3
votes

I have a GTX 570 (Fermi architecture) which is of compute Capability 2.0. I have Cuda version 4.0 on my computer and I am using Ubuntu 10.10

With Cuda 4.0 it is possible to use printf() inside kernels. Here is an example code from page 125 of the Cuda 4.0 programming guide

#if defined(__CUDA_ARCH__) && (__CUDA_ARCH__ < 200)
#define printf(f, ...) ((void)(f, __VA_ARGS__),0)
#endif


__global__ void helloCUDA(float f)
{
printf(“Hello thread %d, f=%f\n”, threadIdx.x, f);
}



void main()
{
helloCUDA<<<1, 5>>>(1.2345f);
cudaDeviceReset();
}

I am getting the following compilation error.

gaurish108 MyPractice: nvcc printf_inkernel.cu -o printf_inkernel
printf_inkernel.cu(10): error: unrecognized token

printf_inkernel.cu(10): error: expected an expression

printf_inkernel.cu(10): error: unrecognized token

printf_inkernel.cu(10): error: unrecognized token

printf_inkernel.cu(10): error: unrecognized token

printf_inkernel.cu(10): error: unrecognized token

printf_inkernel.cu(10): error: unrecognized token

printf_inkernel.cu(10): error: unrecognized token

printf_inkernel.cu(15): warning: return type of function "main" must be "int"

8 errors detected in the compilation of "/tmp/tmpxft_000014cd_00000000-4_printf_inkernel.cpp1.ii".

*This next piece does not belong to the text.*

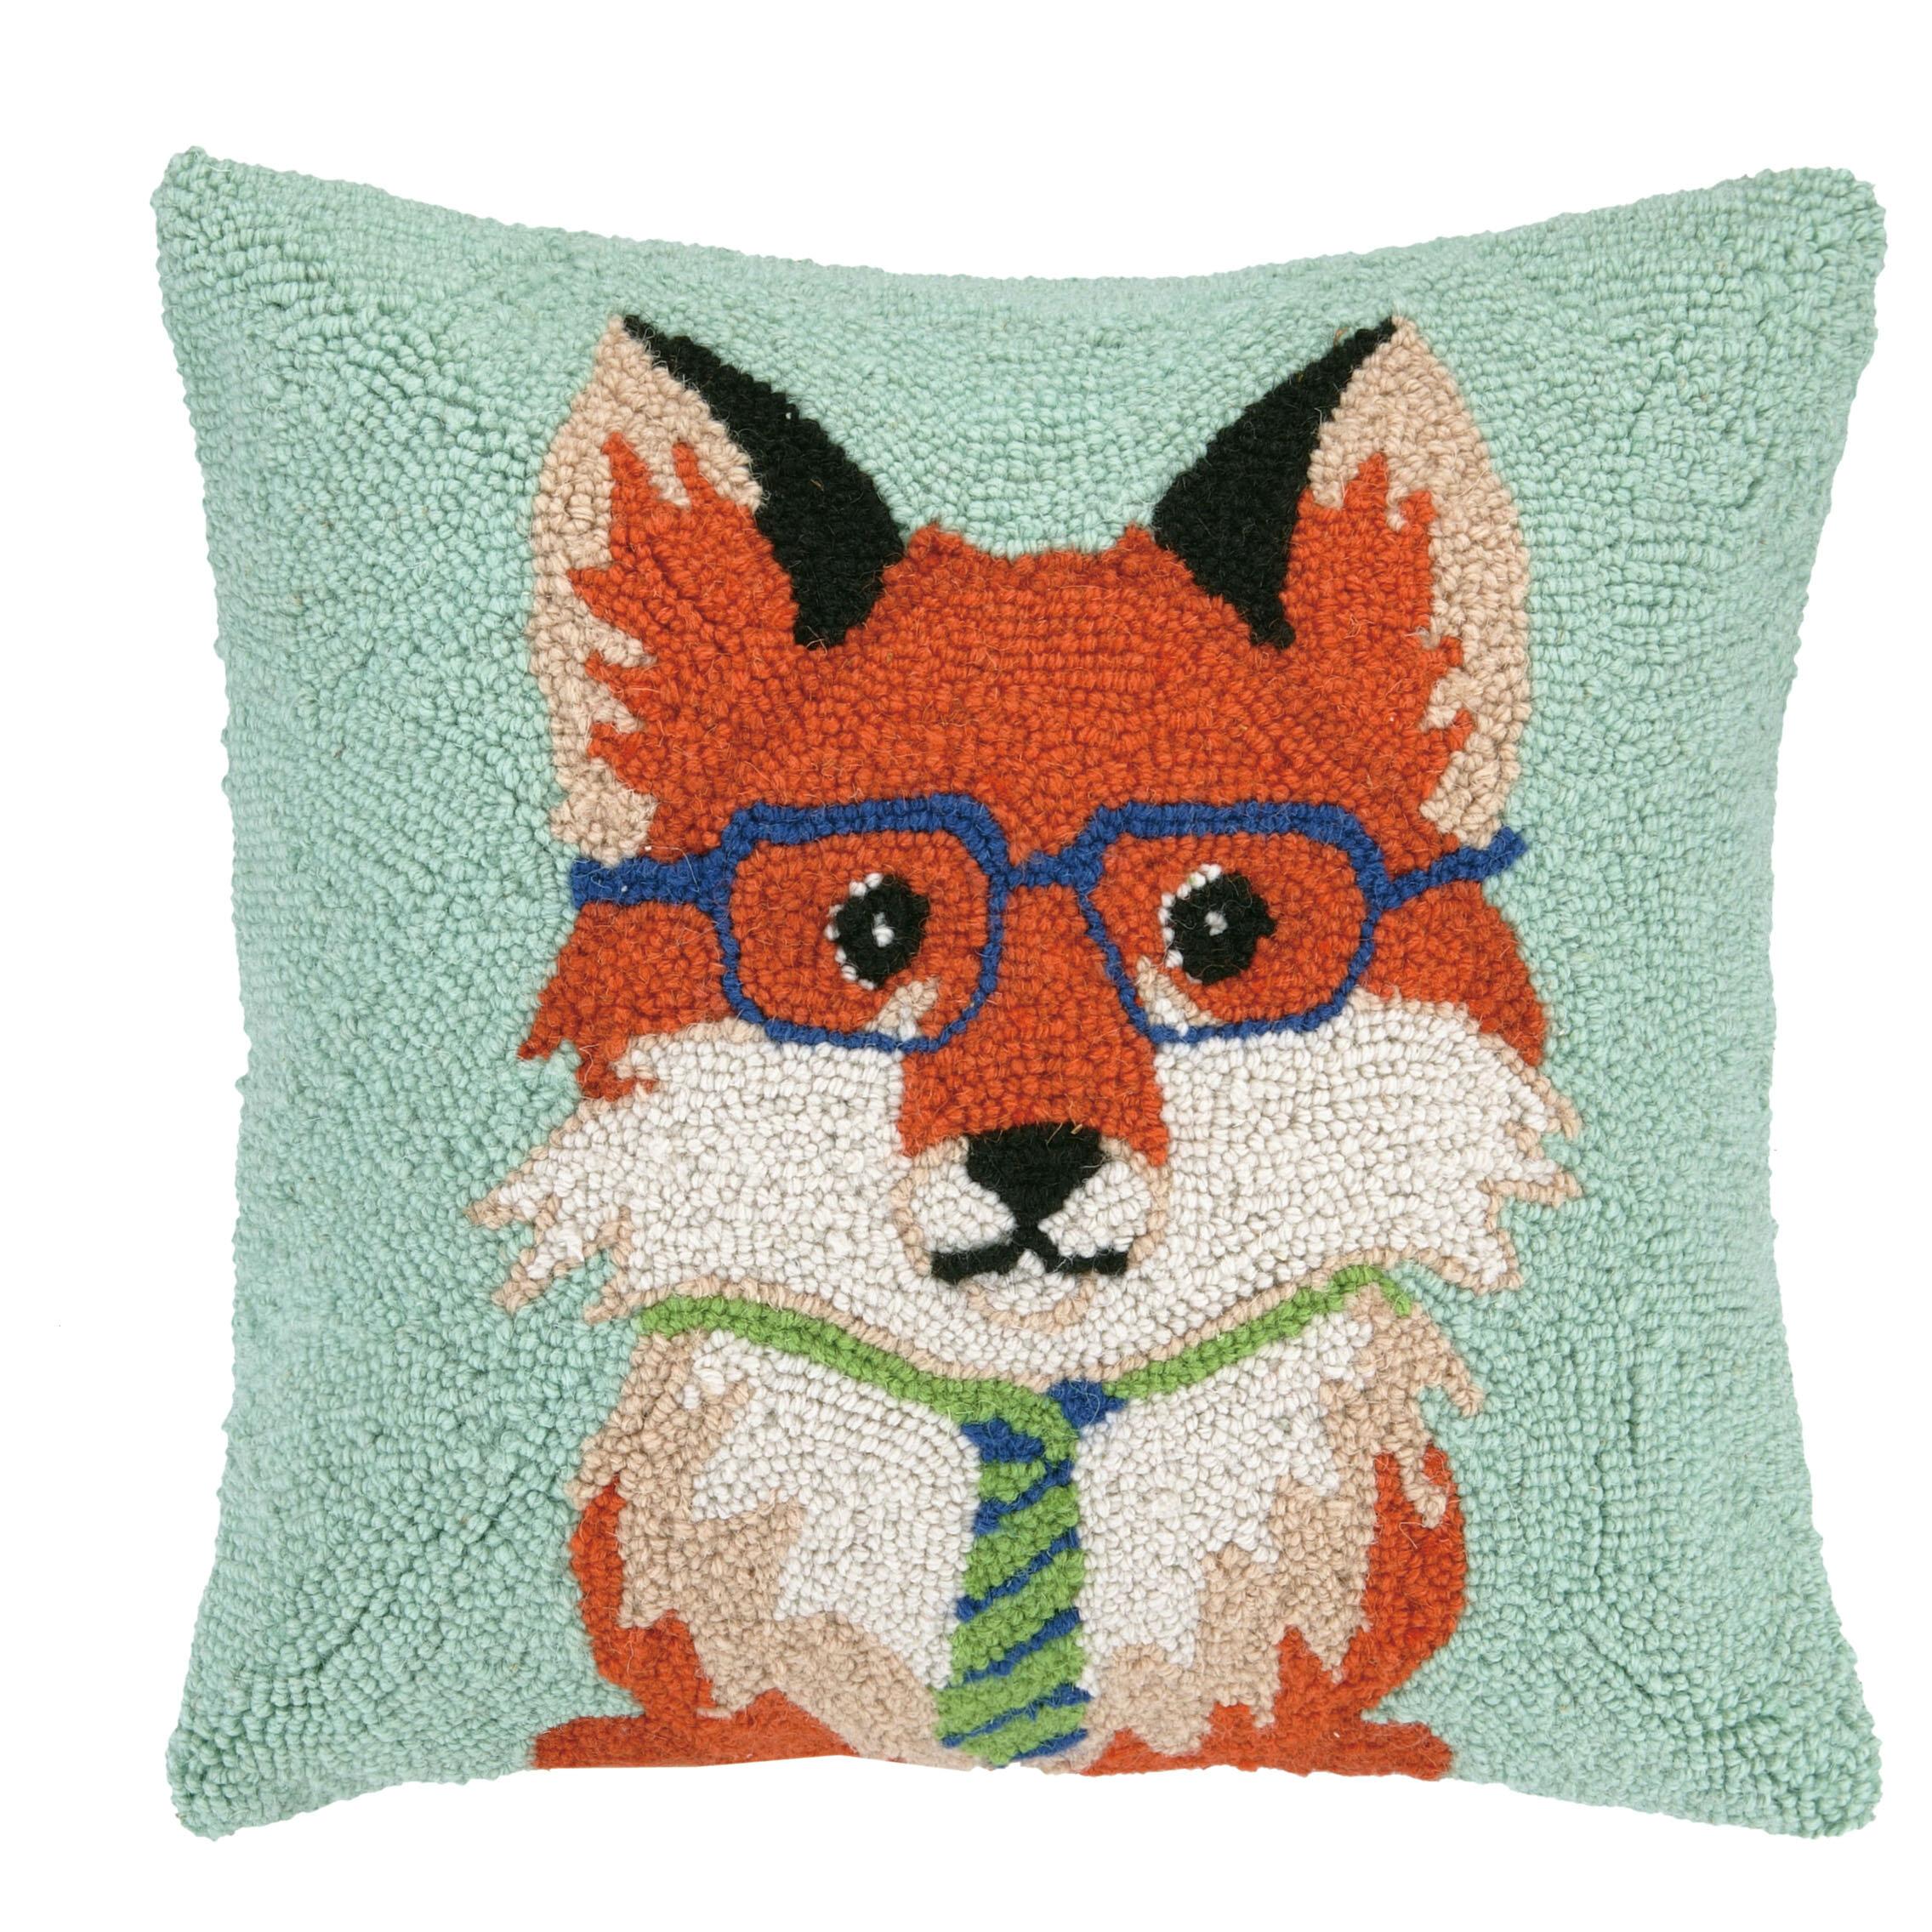 home com giraffe pillow modern cushion minimalist from cat sofa pillowcase garden comfortable item fox group alibaba in cartoon on car aliexpress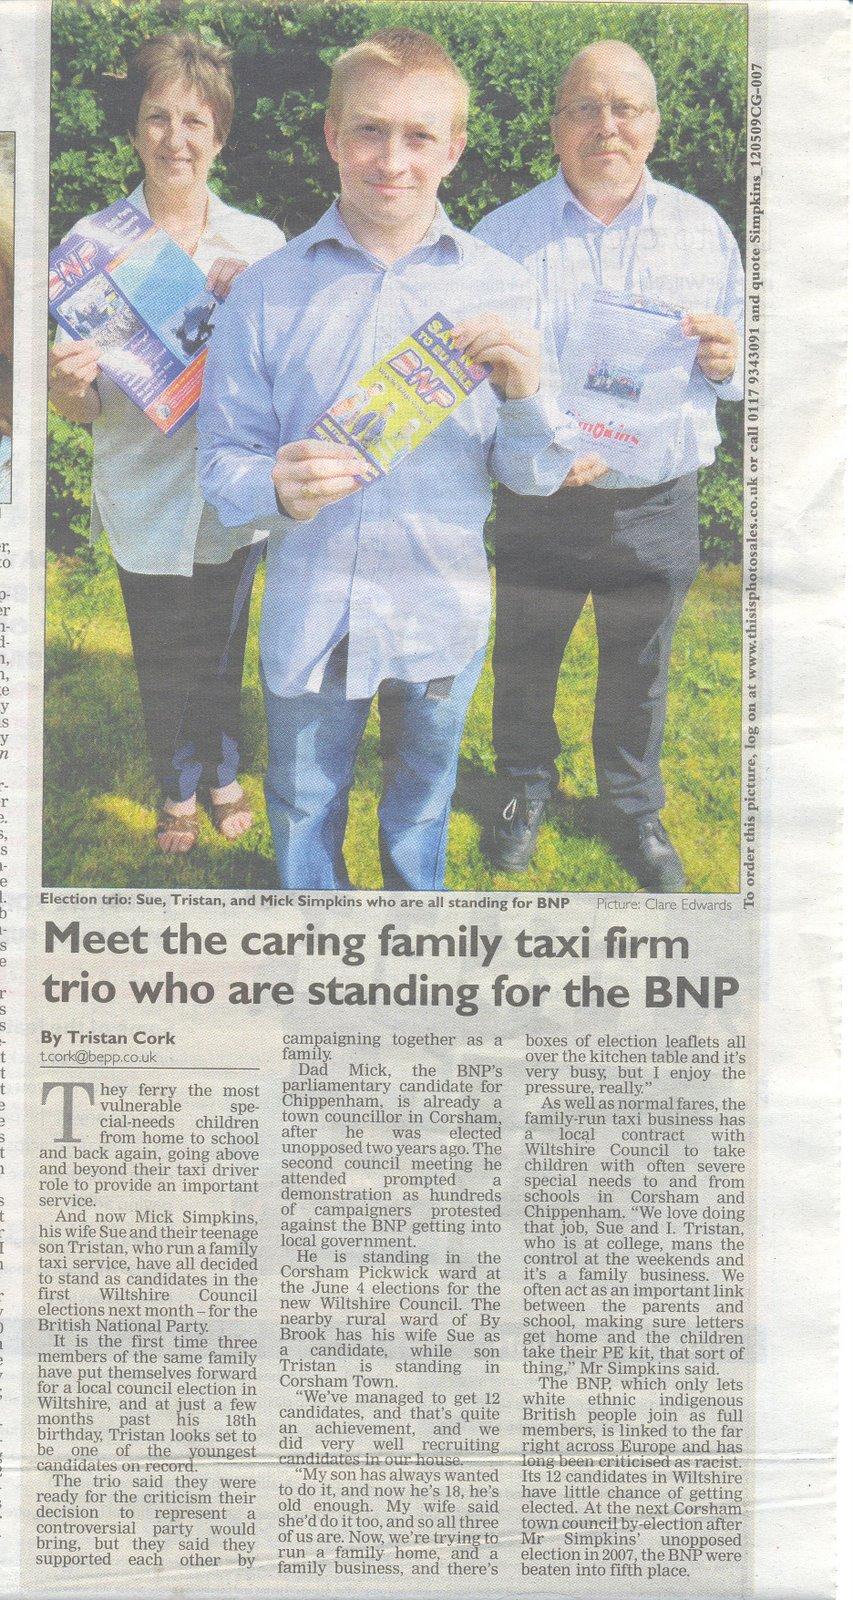 Western Daily Press, BNP family

Why is it not recognizing printf? I tried adding the flag -arch=sm_20 , but I get the same error.

1

1 Answers

6
votes

It looks like you've got a weird quote character at either end of printf's formatter string.

If you copy and paste this program, it ought to compile and run without error:

#include <stdio.h>

__global__ void helloCUDA(float f)
{
  printf("Hello thread %d, f=%f\n", threadIdx.x, f);
}

int main()
{
  helloCUDA<<<1, 5>>>(1.2345f);
  cudaDeviceReset();
  return 0;
}

And the output:

$ nvcc -arch=sm_20 test.cu -run
Hello thread 0, f=1.234500
Hello thread 1, f=1.234500
Hello thread 2, f=1.234500
Hello thread 3, f=1.234500
Hello thread 4, f=1.234500

I don't understand the need for the weird macro which begins the program. I'd get rid of it.